- Task
The required result is an exact copy of every line from the one with "Vintage Disney Land" through the last line below, with the pictures left out.

- Data extract
━━━━━━━━━━

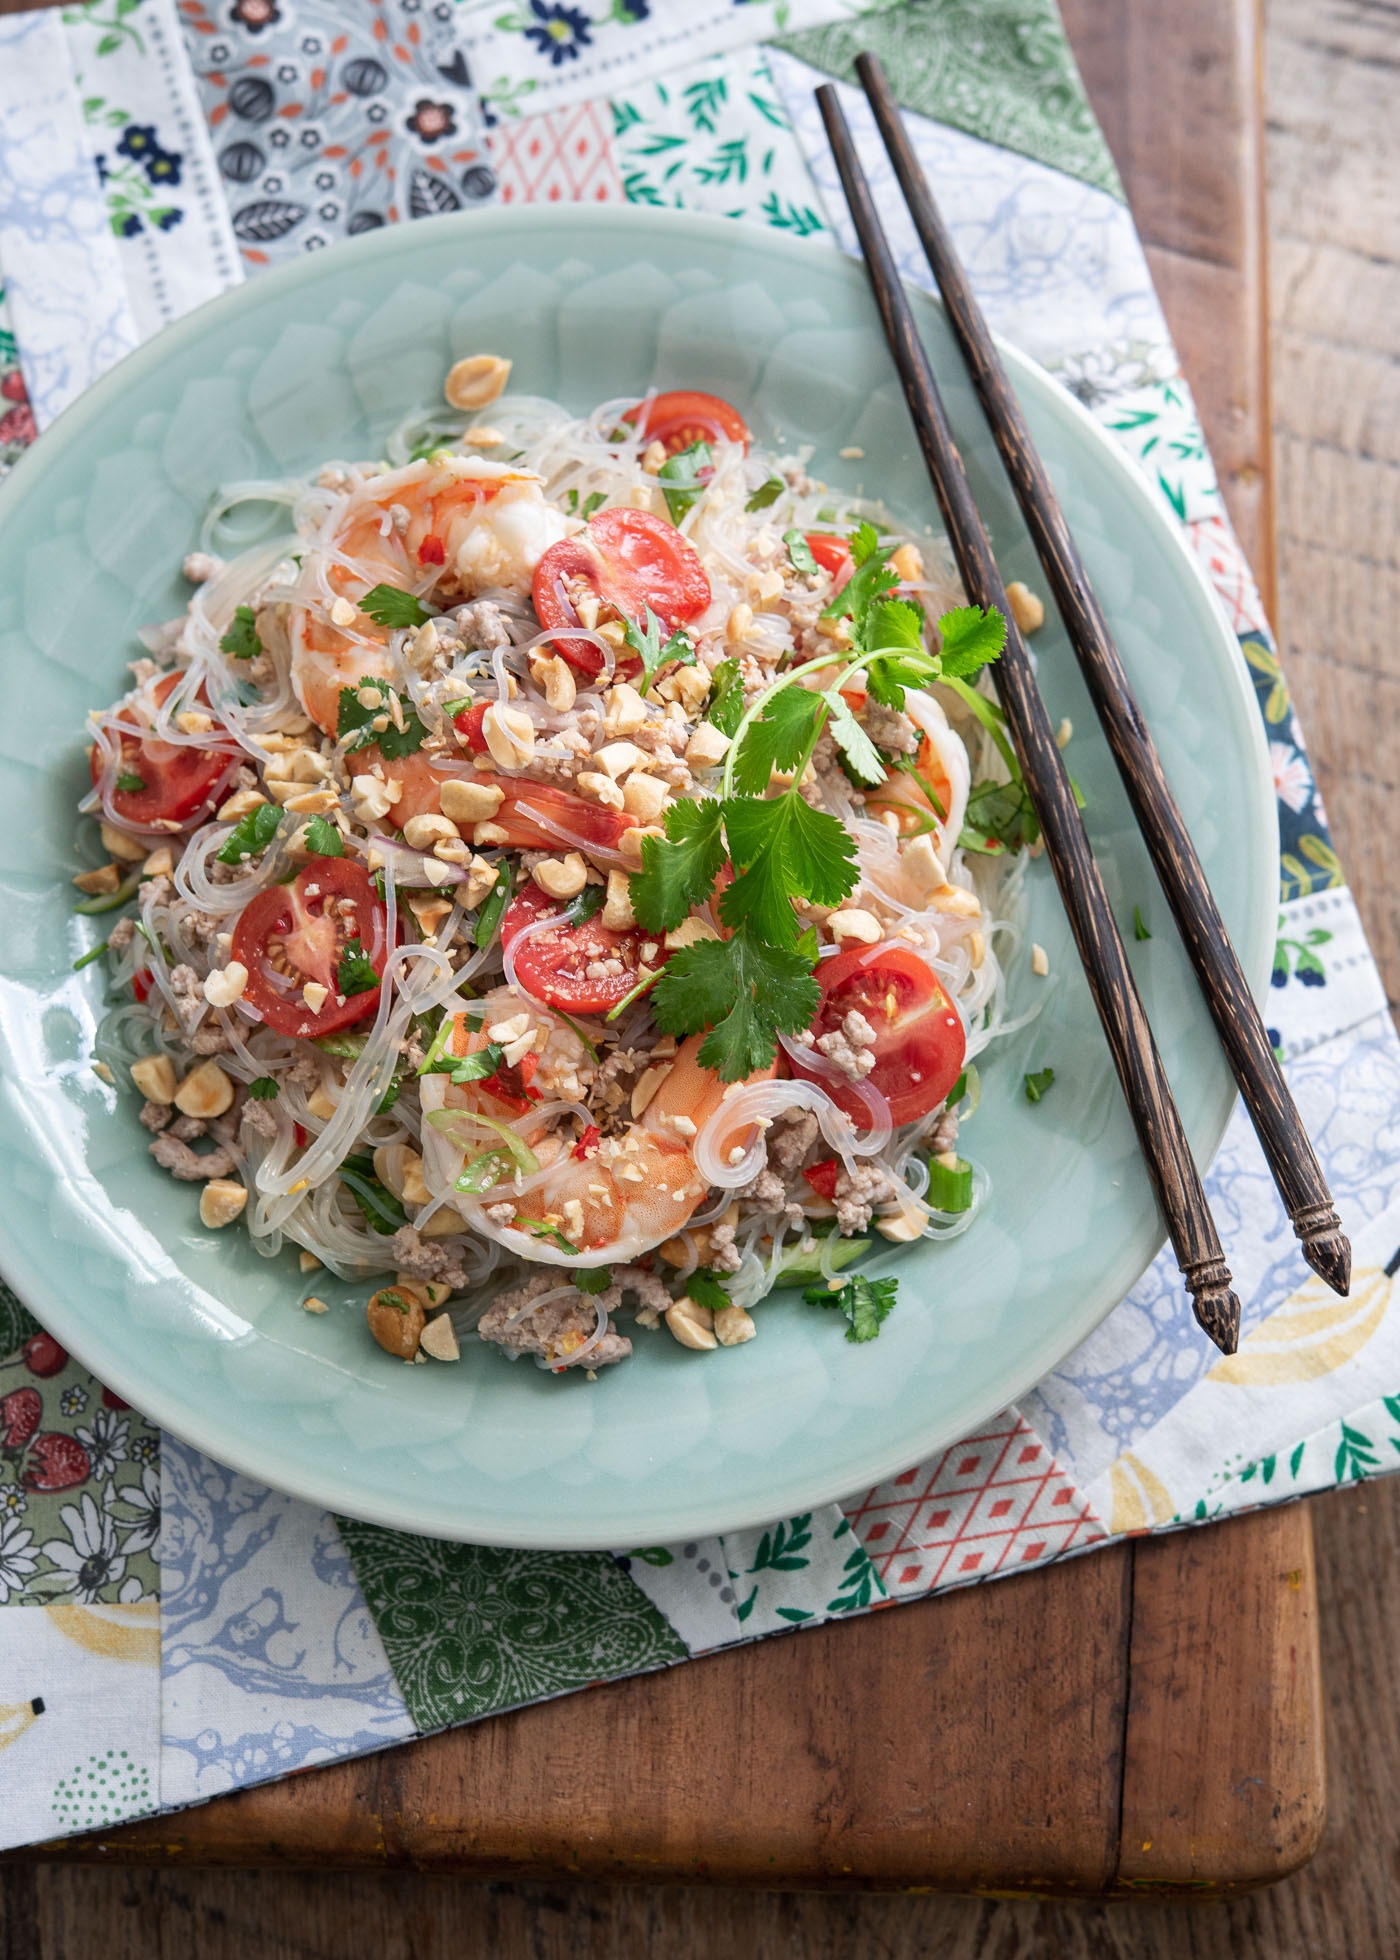 Thai glass noodle salad with shrimp is served in a green dish with chopsticks.
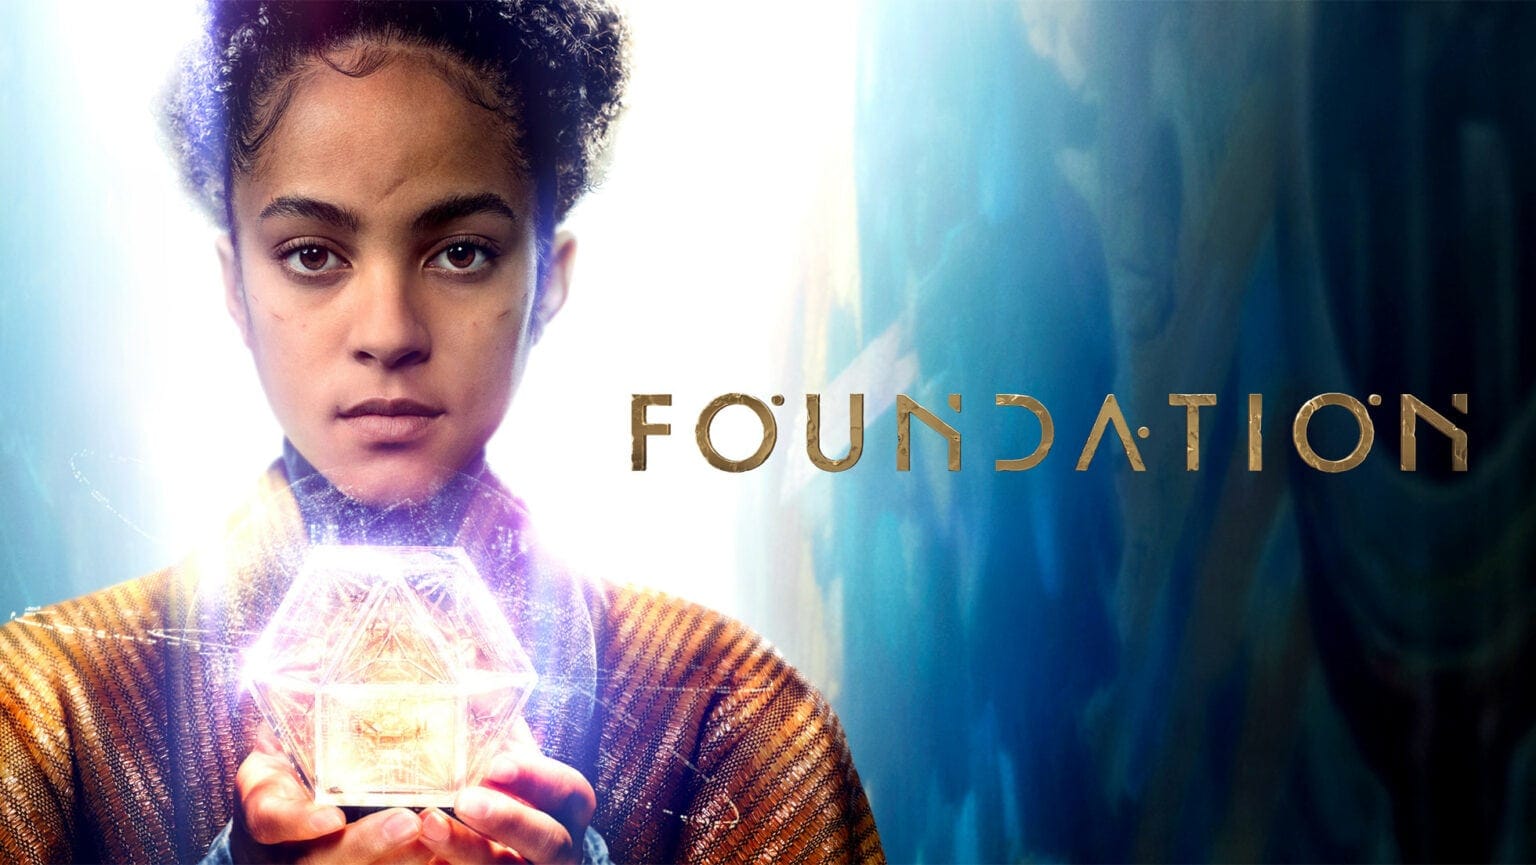 Foundation led the pack for Apple TV+ for visual effects awards nominations.
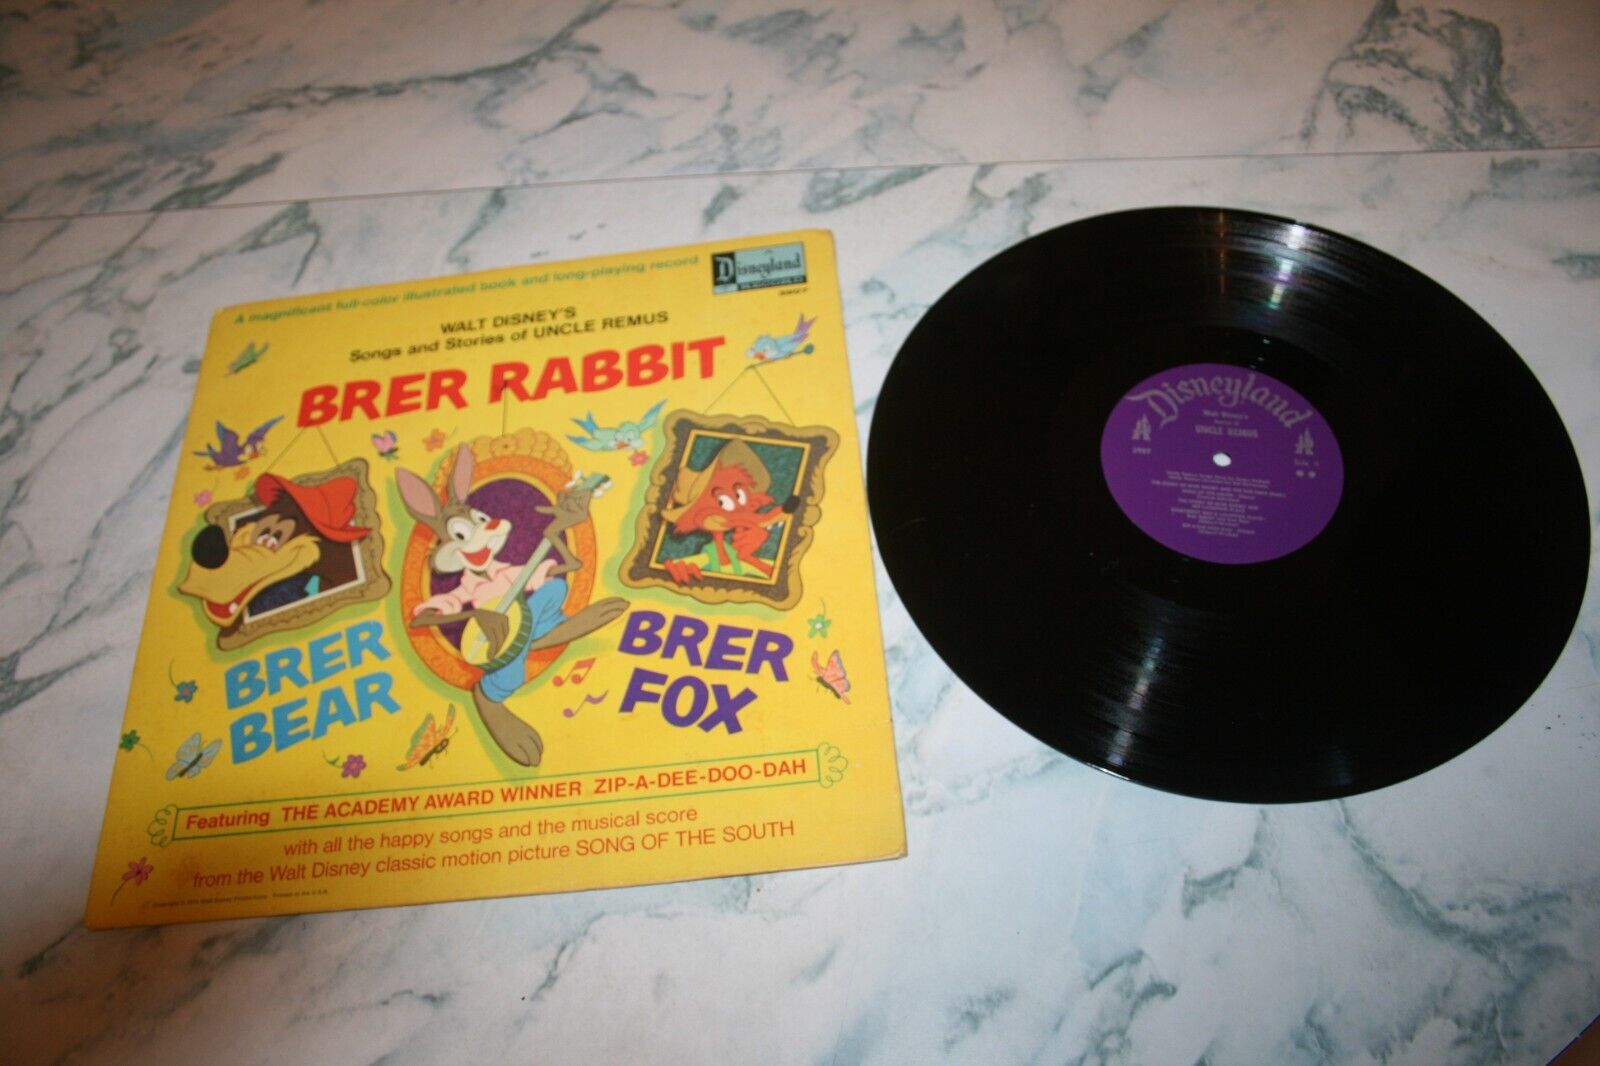 Vintage Disney Land Records 1970 Songs And Stories Of Uncle Remus Brer Rabbit
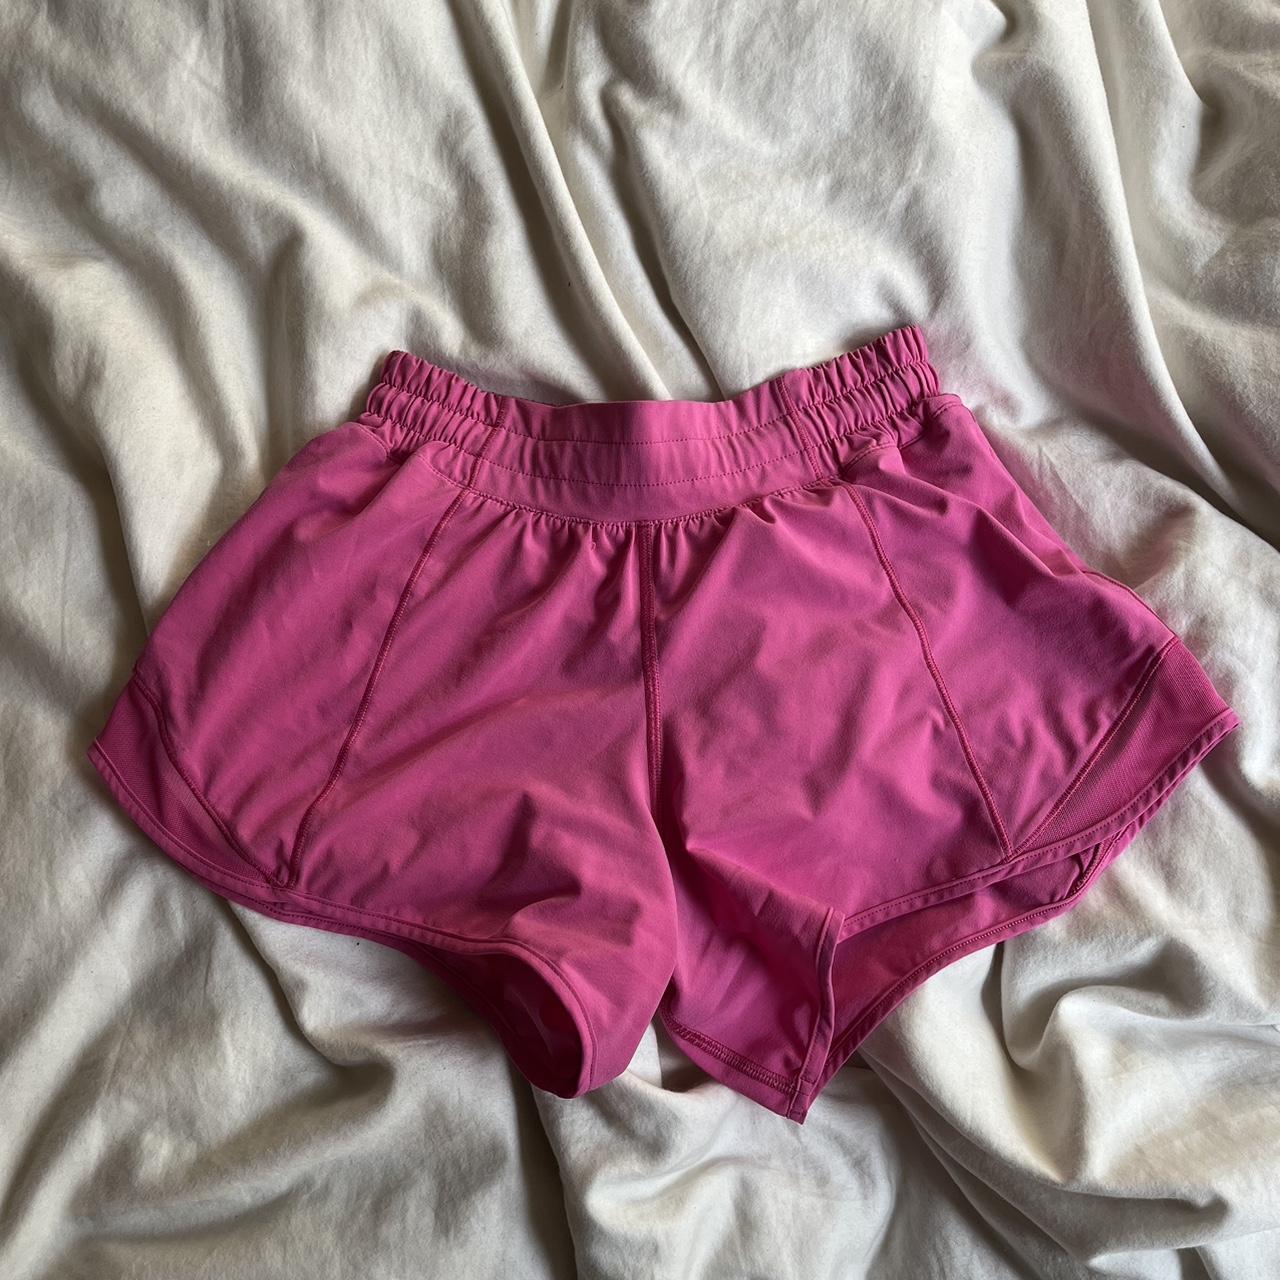 LULULEMON Sonic Pink New Hotty Hot Shorts Size 6 With 4” Inseam NWT

━━━━━━━━━━

- Reply
 Vintage Disney Land Records 1970 Songs And Stories Of Uncle Remus Brer Rabbit
 LULULEMON Sonic Pink New Hotty Hot Shorts Size 6 With 4” Inseam NWT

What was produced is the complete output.